Three Channels, One Framework: Articles 23, 29, and 30 Compared
NIS2 creates three distinct channels for communicating cybersecurity events to other entities or authorities. Each has different triggers, obligations, and legal effects. Most compliance guidance focuses almost entirely on the mandatory channel — leaving organisations unaware of the protections and strategic value the voluntary channels provide.
Article 23 is mandatory. When an essential or important entity experiences a “significant incident” — one causing severe operational disruption, substantial financial loss, or material harm to others — the entity must submit an early warning within 24 hours, an incident notification within 72 hours, and a full report within one month. Failure to report carries penalties up to EUR 10 million or 2% of global annual turnover for essential entities.
Article 29 is voluntary and ongoing. It creates the legal framework for entities to exchange cybersecurity information within structured communities — ISACs being the primary mechanism — on a continuous basis. There is no reporting deadline and no penalty for non-participation, with one exception: joining or withdrawing from an ISAC triggers a mandatory notification to your competent authority under Article 29(4).
Article 30 is voluntary and event-triggered. It allows any organisation — including those outside NIS2 scope — to notify their national CSIRT of a specific incident, threat, or near-miss that does not meet the Article 23 significance threshold. Voluntary notification triggers no additional compliance obligations and carries guaranteed confidentiality protection.

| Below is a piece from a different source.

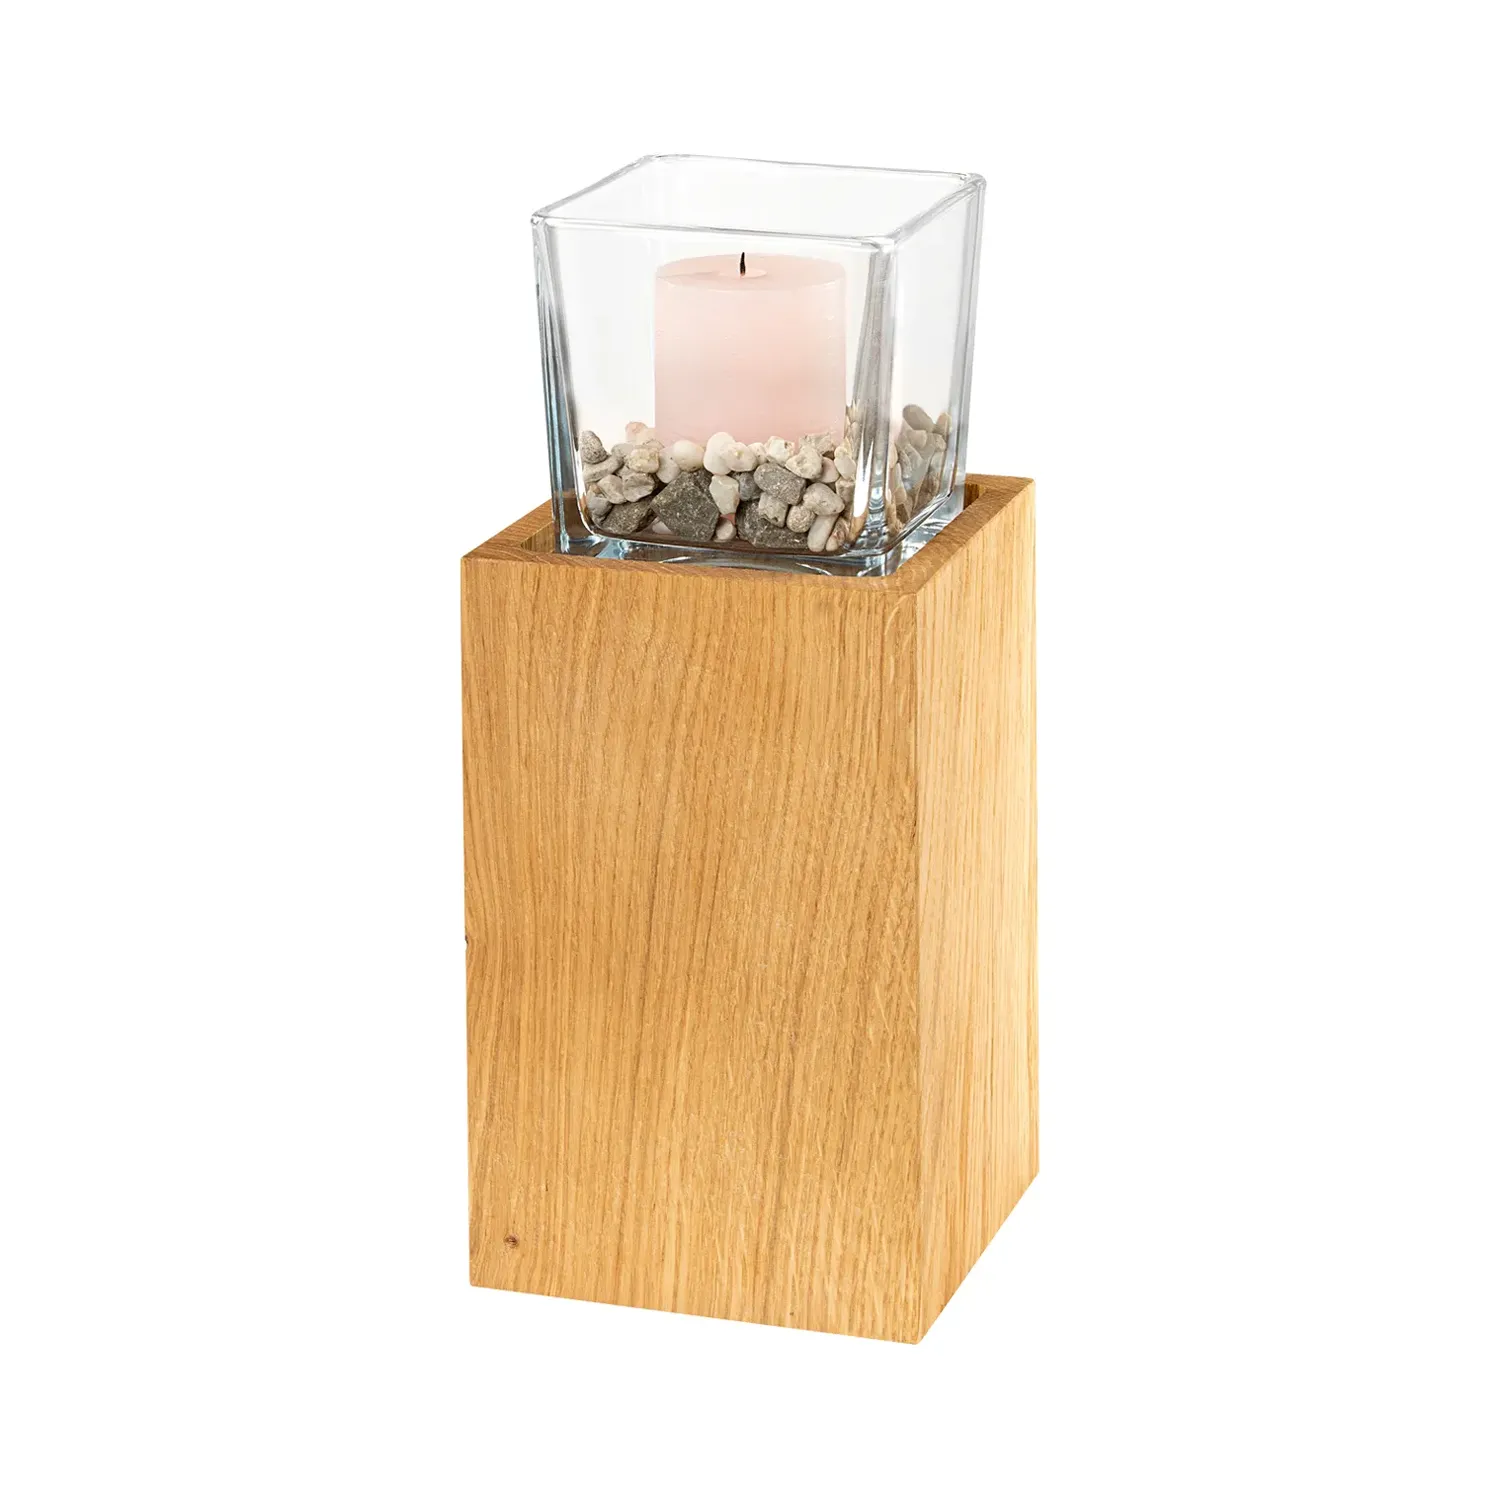 Holzsäule aus Eiche mit transparentem, viereckigem Windlicht und Kerze auf Steinen

| Article 23 | Article 29 | Article 30 | |
|---|---|---|---|
| Type | Mandatory | Voluntary, ongoing | Voluntary, one-off |
| Primary trigger | Significant incident | Joining or leaving ISAC | Any incident, threat, or near-miss |
| Who must act | Essential and important entities | Essential and important entities + suppliers | Any entity, including out-of-scope organisations |
| Information flows to | Competent authority / CSIRT | ISAC community peers | CSIRT or competent authority |
| Non-compliance penalty | Up to EUR 10M / 2% turnover | None for non-participation | None |
What Article 29 Actually Requires
Article 29 of Directive (EU) 2022/2555 establishes the voluntary information-sharing framework in five paragraphs. Most compliance guidance mentions only that participation is voluntary — but each paragraph carries distinct operational implications.

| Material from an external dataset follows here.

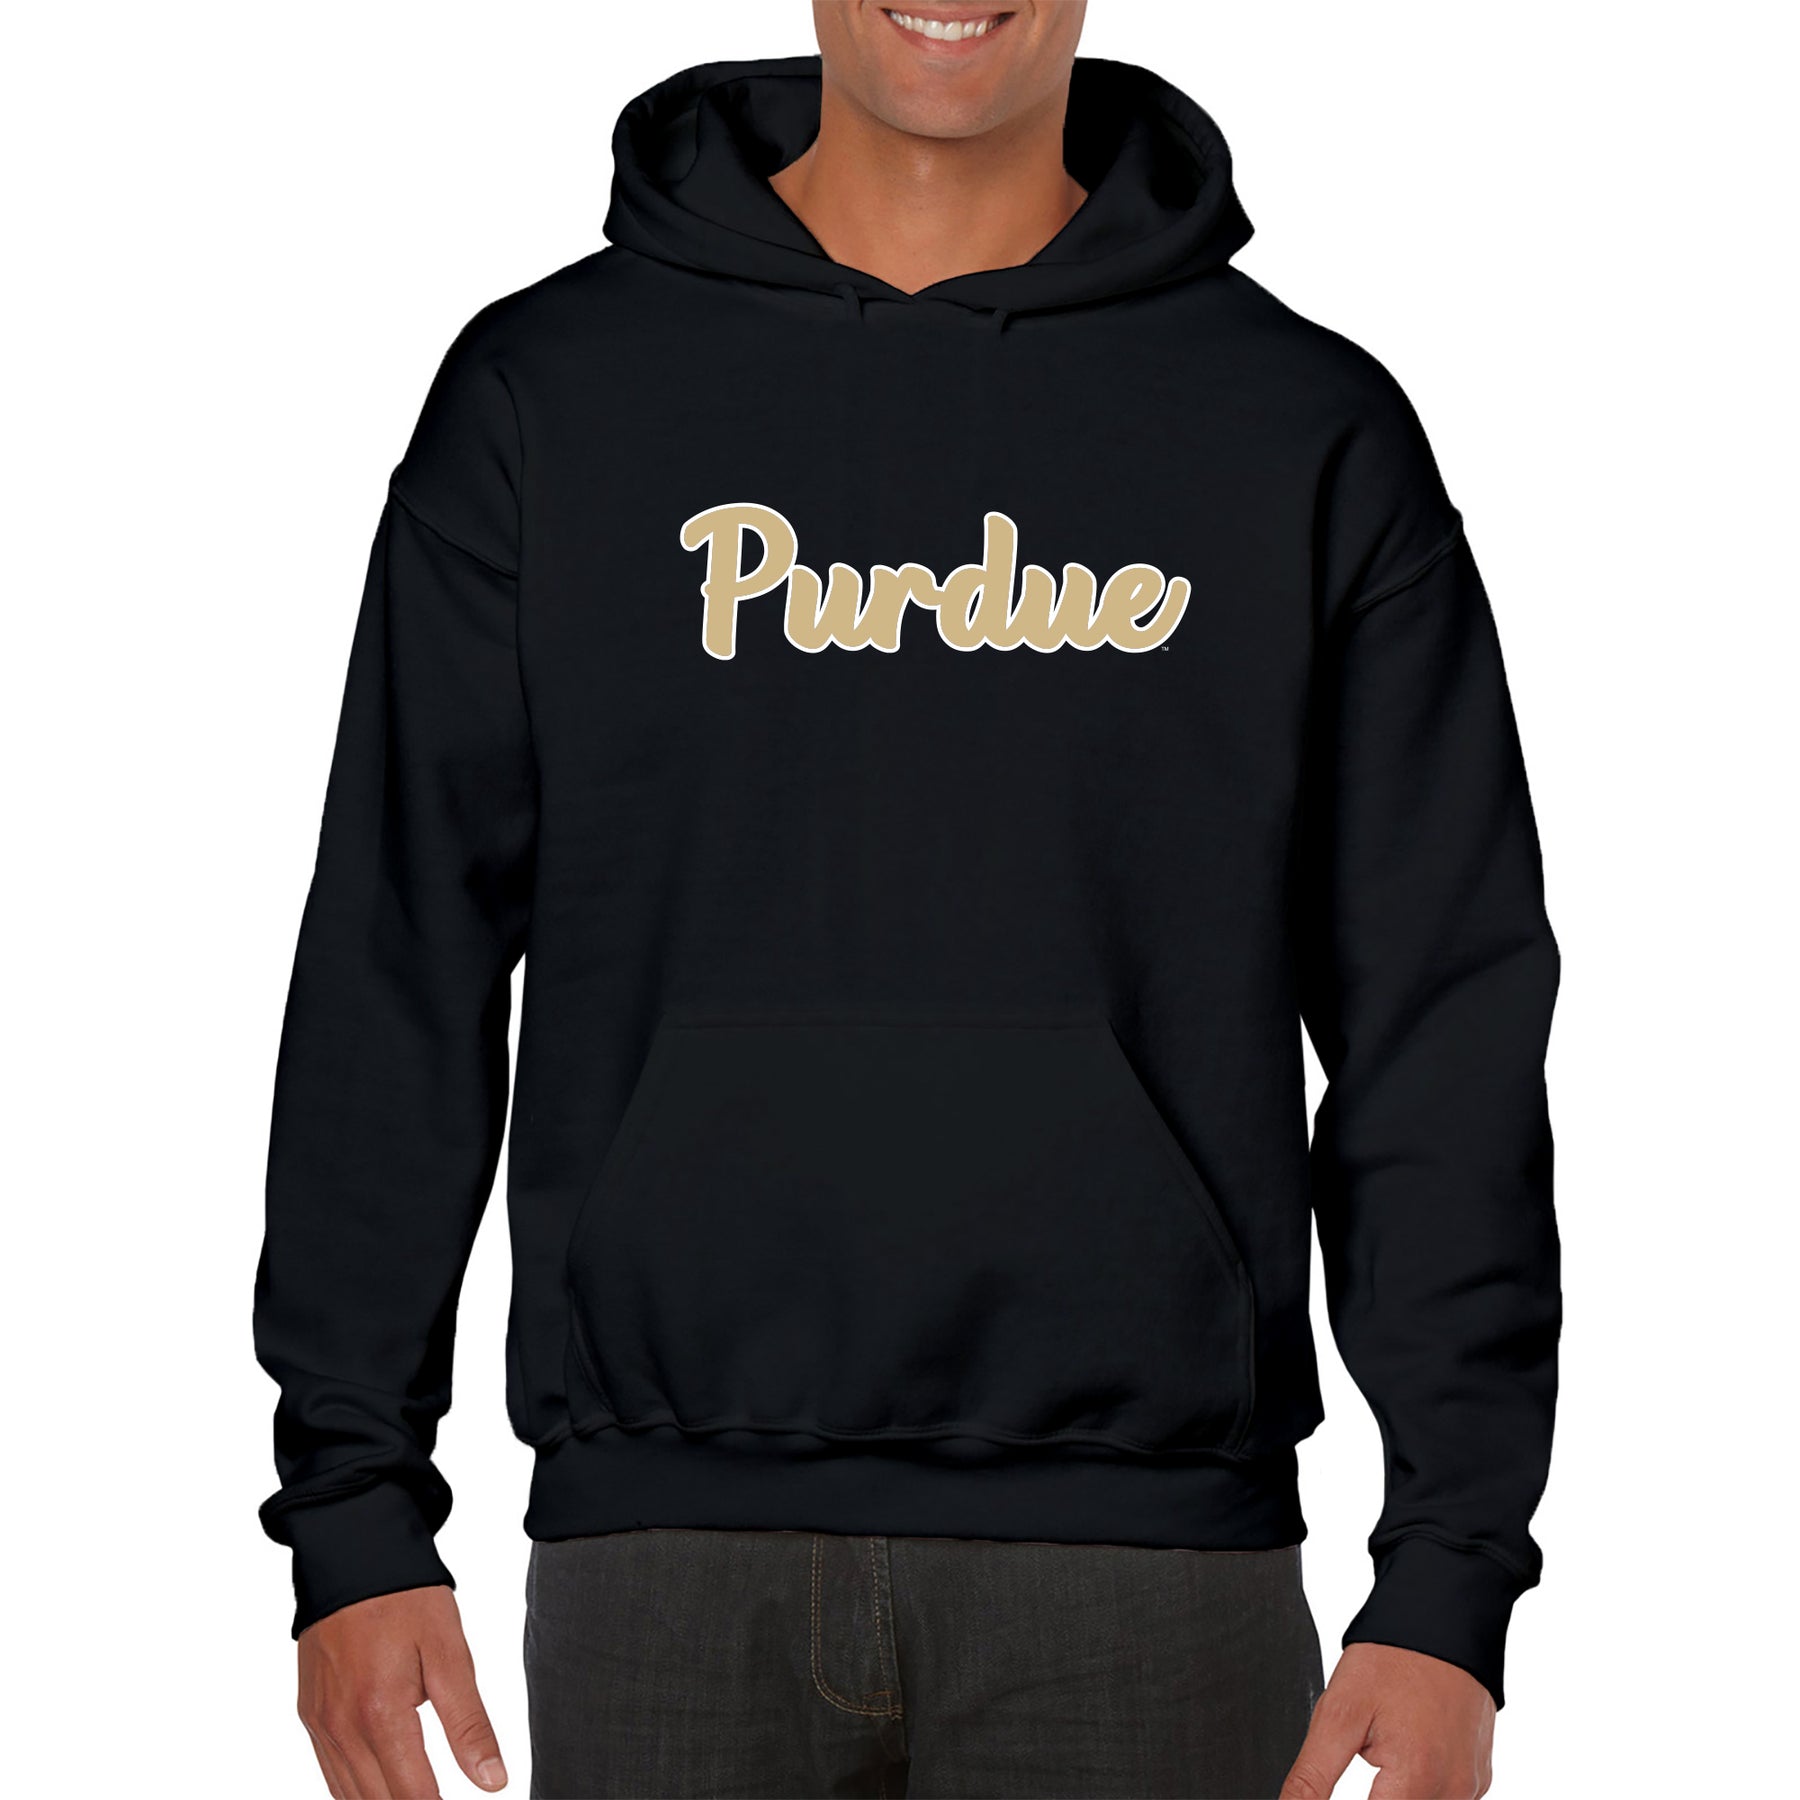 purdue football hoodie

Article 29(1): What can be shared
Member States must ensure that entities within NIS2 scope — and, where relevant, entities outside scope — can exchange “on a voluntary basis relevant cybersecurity information among themselves.” The directive specifies the categories of shareable information:
- Cyber threats and adversarial tactics
- Near misses — events that could have caused incidents but were contained
- Vulnerabilities and indicators of compromise (IoCs)

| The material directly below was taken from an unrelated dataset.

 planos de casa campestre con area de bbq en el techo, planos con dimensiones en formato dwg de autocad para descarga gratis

- Techniques, tactics, and procedures (TTPs)
- Threat-actor-specific intelligence
- Cybersecurity alerts and configuration recommendations for detection tooling
The sharing must aim to prevent, detect, respond to, or recover from incidents — or to raise general cybersecurity awareness. This scope is broad enough to encompass most operational threat intelligence that security teams generate from day-to-day monitoring.
Article 29(2): Communities of entities
Information exchange occurs “within communities of essential and important entities, and where relevant, their suppliers or service providers.” This is the directive’s explicit endorsement of ISACs — though the directive uses the term “cybersecurity information-sharing arrangements” rather than “ISAC.” Critically, suppliers are included: an essential entity’s cloud provider or SaaS vendor can participate in the same ISAC, directly aligning Article 29 with the supply chain security obligations under Article 21(2)(d).
The arrangements must “respect the potentially sensitive nature of the information shared” — the legal basis for confidentiality mechanisms like the Traffic Light Protocol (see Section 6 below).
Article 29(3): Operational framework
Member States must facilitate these arrangements, which may specify “operational elements, including the use of dedicated ICT platforms and automation tools.” National competent authorities and CSIRTs may impose conditions on information they contribute — for example, restricting redistribution of threat intelligence originating from government sources to protect source identity or active investigations.
Article 29(4): The notification obligation most compliance teams miss
When an essential or important entity joins or withdraws from a cybersecurity information-sharing arrangement, it must notify its competent authority. This is an obligation, not a recommendation. If your organisation plans to join an ISAC, the Art. 29(4) competent authority notification must appear in your onboarding checklist — before sharing begins, not after. Member states maintain registers of participating entities, and the notification also creates a documented audit trail of your engagement with NIS2’s information-sharing framework.
Article 29(5): ENISA’s role
ENISA is assigned a formal coordination role: it provides assistance for establishing information-sharing arrangements by exchanging best practices and providing guidance. In practice, ENISA publishes ISAC cooperative models, hosts the annual EU ISACs Summit, and operates the EU ISACs Council for cross-sector coordination.
What Article 30 Provides: Voluntary CSIRT Notification
Where Article 29 governs ongoing peer-to-peer sharing within communities, Article 30 governs one-off voluntary reports submitted directly to national authorities. The two articles are complementary — an organisation can use both simultaneously for the same event.
Who can notify
Article 30 is broader than most of NIS2 in one important respect: it explicitly applies to “entities other than those referred to in [Article 23(1)] regardless of whether they fall within the scope of this Directive.” In plain terms, organisations that are not classified as essential or important entities can use Article 30. Sector-adjacent companies, mid-market suppliers, and public bodies outside NIS2 scope all qualify.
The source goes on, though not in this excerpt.